Open dbrgn opened 8 years ago
Currently, there isn't a streamlined way to get the TF-IDF values for every word that occurs in a document.
As I understand it, TF-IDF is more useful for checking to see if a word is important in a corpus of texts. I'm not sure how often it is used to compare the similarity between documents (I have pretty limited experience in the space, so it is probably best not to take my word). I think IDF makes sense on only 2 documents for educational purposes, but you would typically want more to make your score more accurate.
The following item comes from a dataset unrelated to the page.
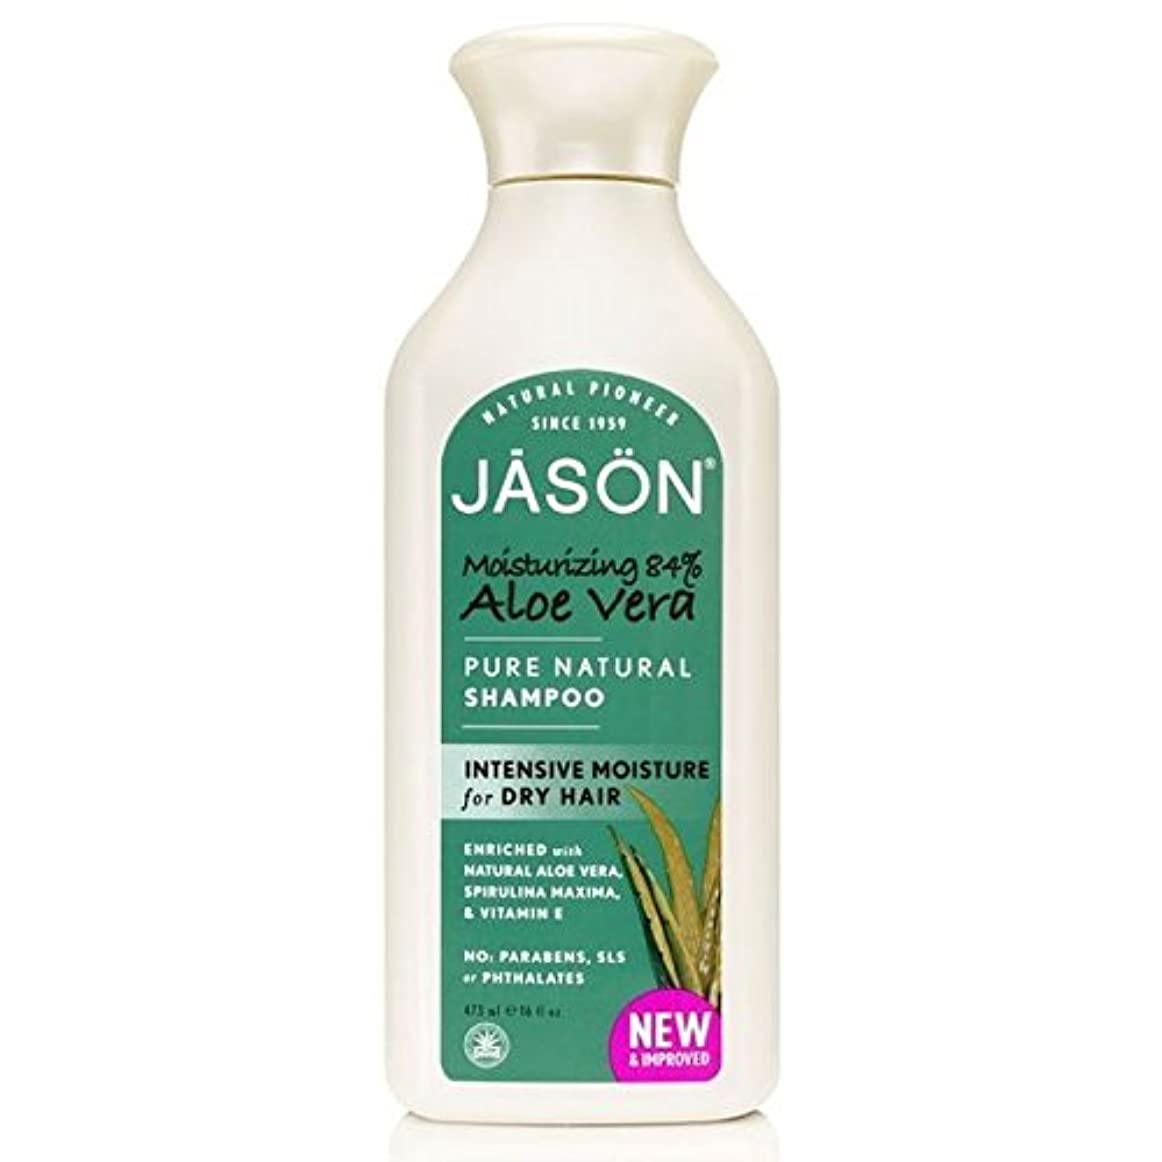 四分円せがむ溶岩Jason Aloe Vera 84% Pure Natural Shampoo 475ml - ジェイソンのアロエベラ84%の純粋な天然シャンプー475ミリリットル [並行輸入品]

I think you're right. I ended up simply implementing term frequency myself. It's not generic now (the way it would have been using your library) and could have been nicer if there were already a nice vector math library à la numpy, but it works and has no external dependencies :)
Working with vectors could still be interesting though.
I'm still trying to wrap my head around TF-IDF, therefore this might be a stupid question :)
I want to compare the similarity between two documents. I already have code in place to extract the words from the documents and to count the words. The result is a
HashMap<String, usize>
.What I want to get now is a vector that contains TF-IDF values for every word that occurs in the documents, so that I can determine the cosine similarity between them.
Is this possible with the current API? If I understand it correctly, the
tfidf
function simply calculates the TF-IDF value for a single word, right? Does IDF even make much sense if there are only 2 documents?